Wednesday, September 24, 2008

Re-entering Dunnettworld

Well, my reading rates have tailed off after that magnificent burst of activity during the summer. This month, I have gone back to the habit of having about 3 books on the go at any one time, and then of course, there is marking, the masters and planning and preparation to be done.

So what is on the Currently Open but Unfinished pile?

Solomon & Lord: disappointing Miami law-thriller-romance. Promising reviews from the likes of Carl Hiaasen and Harlan Coben, but it's mushy and the characters are more like tv-movie characters than real people. Nearly finished.

The French Renaissance Court, Robert Knecht: this one I am really enjoying. It is proper history, but also accessible to people like me who are not academic historians. And it is a beautiful book to handle, lovely quality paper and reproductions, along with competent, concise prose exploring a complicated and complex subject.

King Hereafter, Dorothy Dunnett. I've been saving this since I bought it in 2001 just after DD died and I knew there would be no more books. It's the story of Macbeth, but not as we know him from Shakespeare. Instead, it is one of DD's classic recreations of period, focusing not on 15th or 16th century Europe, but on 11th century Scotland, and it is wonderful. I wasn't in the mood when I first picked up the novel, but now there is a group read on one of the Dunnett webgroups and it is at a steady pace, not too fast, allowing us all plenty of time to tease out meanings, observe the subtleties and work our way through the labyrinth of names and places that are a little familiar, but not totally so. I was surprised to encounter Lady Godiva, frex.

Dunnett's modus operandi is layering detail on detail to build her world, and to write about intelligent heroes surrounded generally by intelligent and perceptive observers. We rarely enter the hero's point of view, most frequently encountering him through the perceptions of others, which are opaque and driven by their own agendas, and she is quite extraordinary in capturing the way internal and external drives conflict and mesh to drive events. She is like a scientist turning a specimen over and around, searching out its secrets, its crannies and its depths, and yet leaving still some mysterious glamour over the reader. Once she has you in her grip, that's it, you are hers forever as a reader. When I look at the complete set of DD novels, the audiobooks and the interaction with my fellow fans over the internet, I cannot quite believe that it is now 22 years since I first read her books, and 26 years since I first heard her name, recommended in glowing and passionate terms by a literature don at Georgetown University.
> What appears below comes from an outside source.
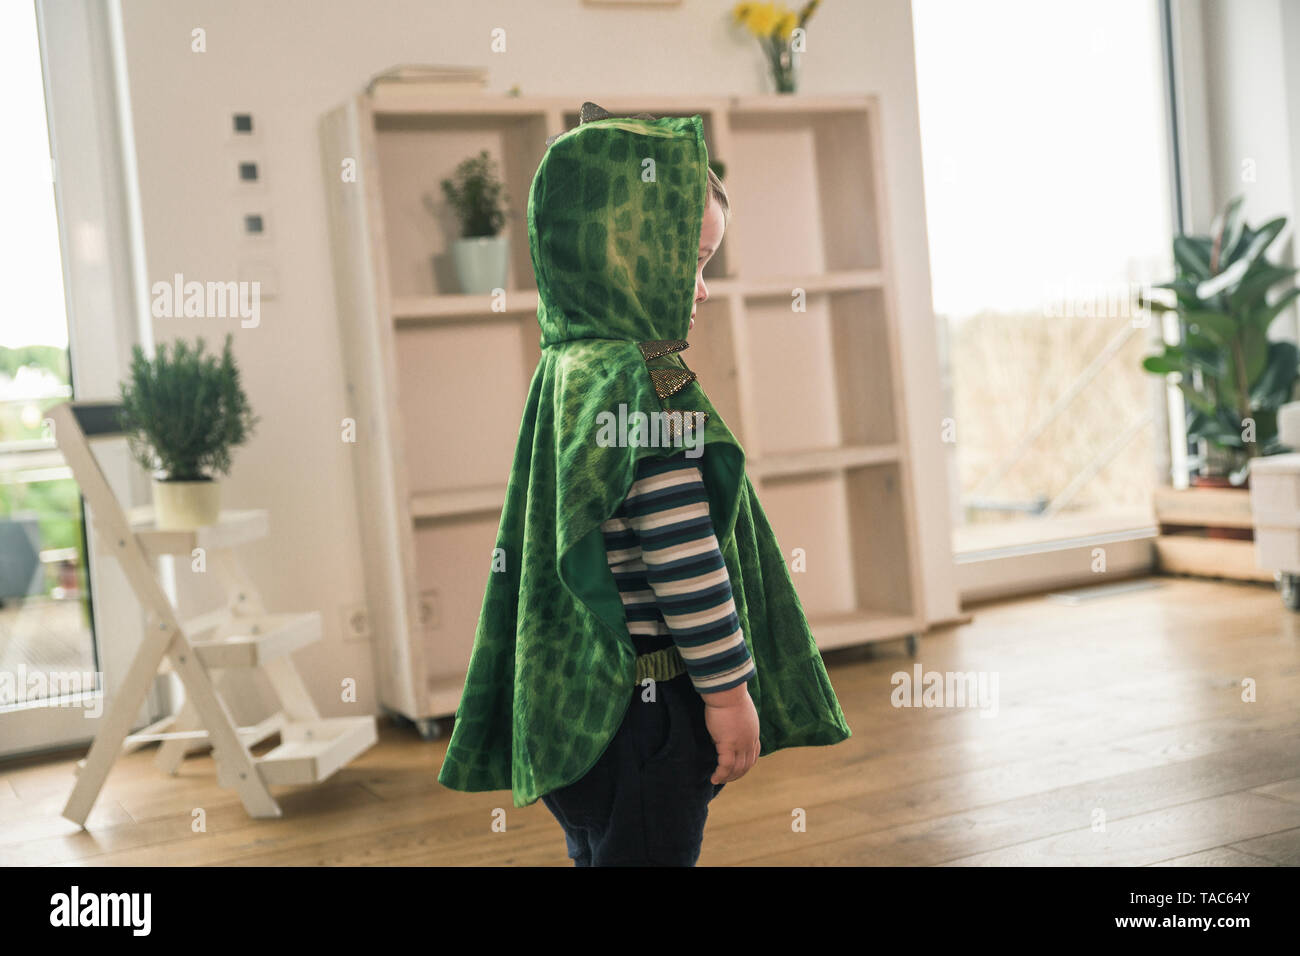 Boy in a crocodile costume at home Stock Photo

Her throne remains empty. There are other writers of historical novels, certainly, but no one really to compare with her. Patrick O'Brian, perhaps, although he died the year before she did. I think the closest I've come recently is Naomi Novik's Temeraire series, although they are slighter and more fantasy-oriented, and Megan Whalen Turner's Eugenides books, although they are alternative history and aimed squarely at the YA rather than the A market. I don't mean to diss either writer when I say they don't really compare.

So I am enjoying my last unread Dunnett novel, savouring it, relishing it and drawing out the pleasures of a stay in the Dunnettverse, a world of riches and insight, led by a sure-footed guide in full command of her facts and faculties.